Сатана встал лицом к лицу с ангелом. Ледяная бездна смотрела из бесцветных глаз под тонкими белесыми бровями. Ангел моргнул, поправил ремень сумки на груди и сказал:
— Самаэль, я должен доставить детей их родителям. Быть может, мы поговорим позже?
— Мы будем говорить здесь, сейчас и столько, сколько я пожелаю. — Самаэль склонил голову набок и прищурился: — Хм, а Вельзевул не ошиблась: действительно, полон благодати, того и гляди, через край польет… Как это тебе удается, особенно теперь, после изгнания? Неужели ты не испытываешь ненависти к Гавриилу, Метатрону и остальным?
— Я стараюсь о них не думать.
— Тяжело быть добрым, да, ангел?
— Любой ответ будет ложью, дьявол. Я не дам тебе никакого ответа.
Самаэль отступил на шаг:
— Вижу, тебе страшно. Чего ты боишься? Того, что я убью тебя?
— Я боюсь, что прежде чем убить меня, ты убьешь тех, кто мне дорог, чтобы посмотреть, как я мучаюсь.
— А зачем я это сделаю? — спросил он, улыбнувшись, точно разговор забавлял его.

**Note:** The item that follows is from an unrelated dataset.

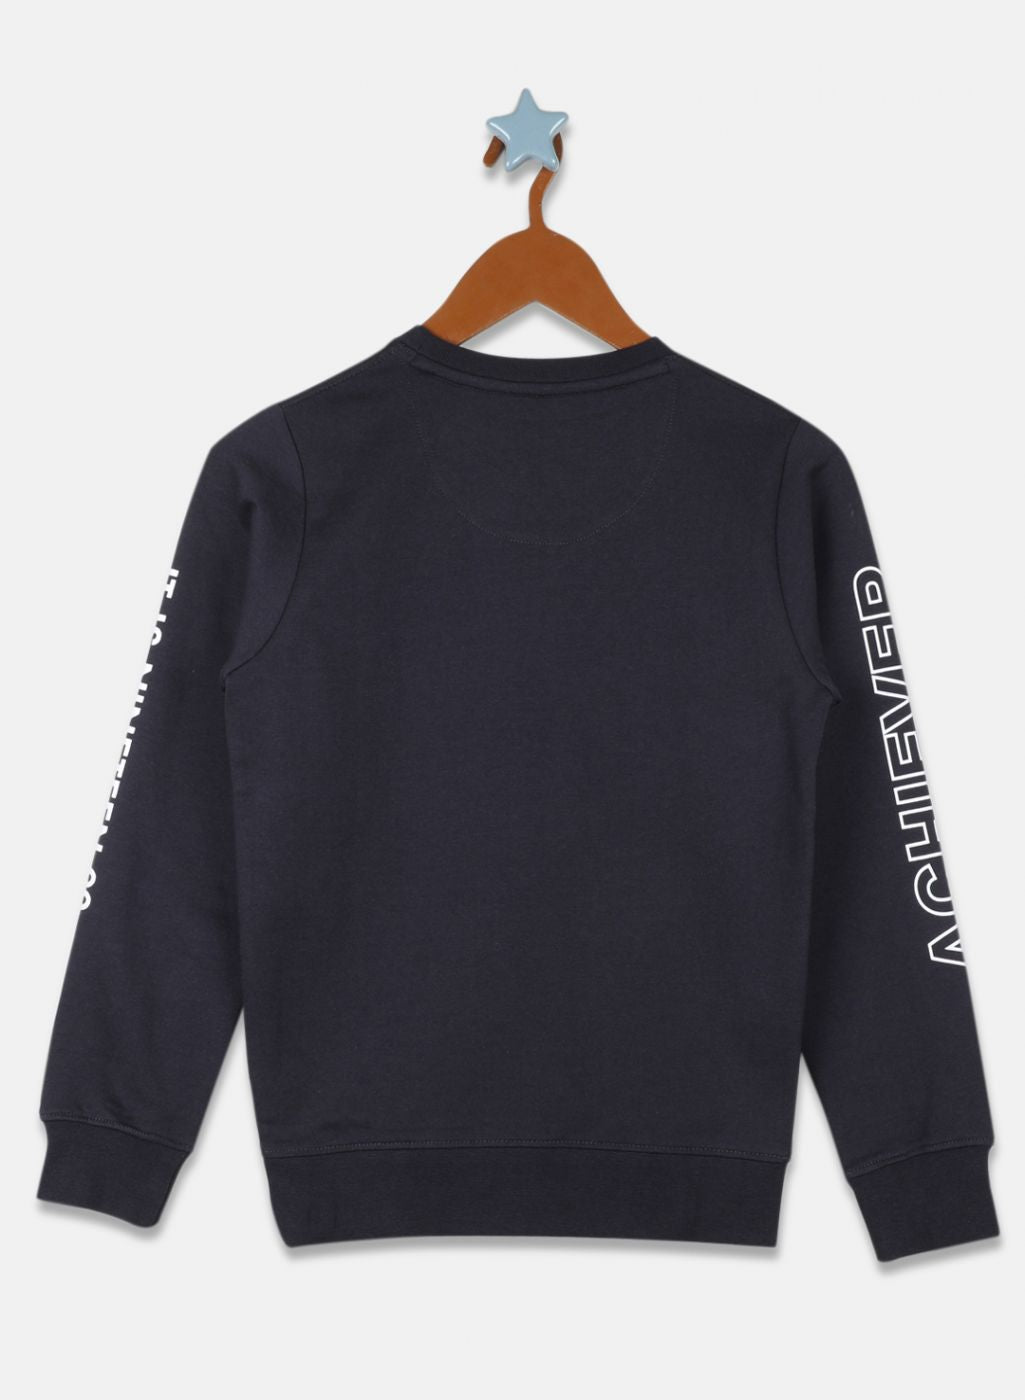 Boys Grey Printed Sweatshirt

— Потому что тебе скучно. Потому что ты одинок. Потому что не понимаешь, как можно любить кого-то сильнее, чем себя, — выбирай, какой вариант больше нравится.
Лицо Самаэля потемнело.
— Не говори мне про любовь! Как ты вообще смеешь рассуждать о ней и называть любовью свою возню с людишками?!
— Сколько тысяч лет прошло, Люцифер, а у тебя все те же выражения, — Азирафель покачал головой. — Неужели ты так ничего и не понял?
— Я все давно и прекрасно понял! — трость гневно ударила в землю. Послышался гул. — Нашей светлейшей Создательнице оказалась не нужна величайшая любовь, способная творить миры и зажигать звезды! Ей требовалось, чтобы мы возлюбили ее забаву — смертную двуногую плесень! Уму непостижимо: променять звезды на плесень!
Расстегнулся строгий пиджак. Редкие светлые волосы встали дыбом — то ли нимб, то ли рога. Азирафель томительно переминался с ноги на ногу и думал, выехал ли уже джип из тоннеля или все еще стоит там.
— Но довольно, — Самаэль погасил вспышку ярости и снова выглядел безукоризненно, как в начале разговора. — Ты разочаровал меня, ангел. Но идею подал неплохую, я хотя бы развлекусь.
Азирафель не успел ничего ответить: действительность расслоилась, как плохо смешанный коктейль, валун вновь сделался сиденьем, небо — потолком автомобиля. Над спинкой водительского сиденья по-прежнему виднелись черный воротник с красной подкладкой и рыжий затылок, рядом возбужденно шушукались инферналыши, а снаружи, судя по звукам, продолжалось кошмарное пиршество Миктлантекутли.
Ангел провел дрожащей рукой по лбу. Надо бы поговорить с Кроули, но какой в этом прок? Даже вдвоем они не сумеют противостоять мощи Самаэля… Азирафелю мучительно хотелось поднять крылья, укрыть ими инферналышей, друга, грубияна герцога с его жабой, неприкаянных богов — всех-всех, и увести куда-нибудь подальше от места, где раз и навсегда сделан выбор между звездами и людьми. Где вообще требуется делать такой выбор.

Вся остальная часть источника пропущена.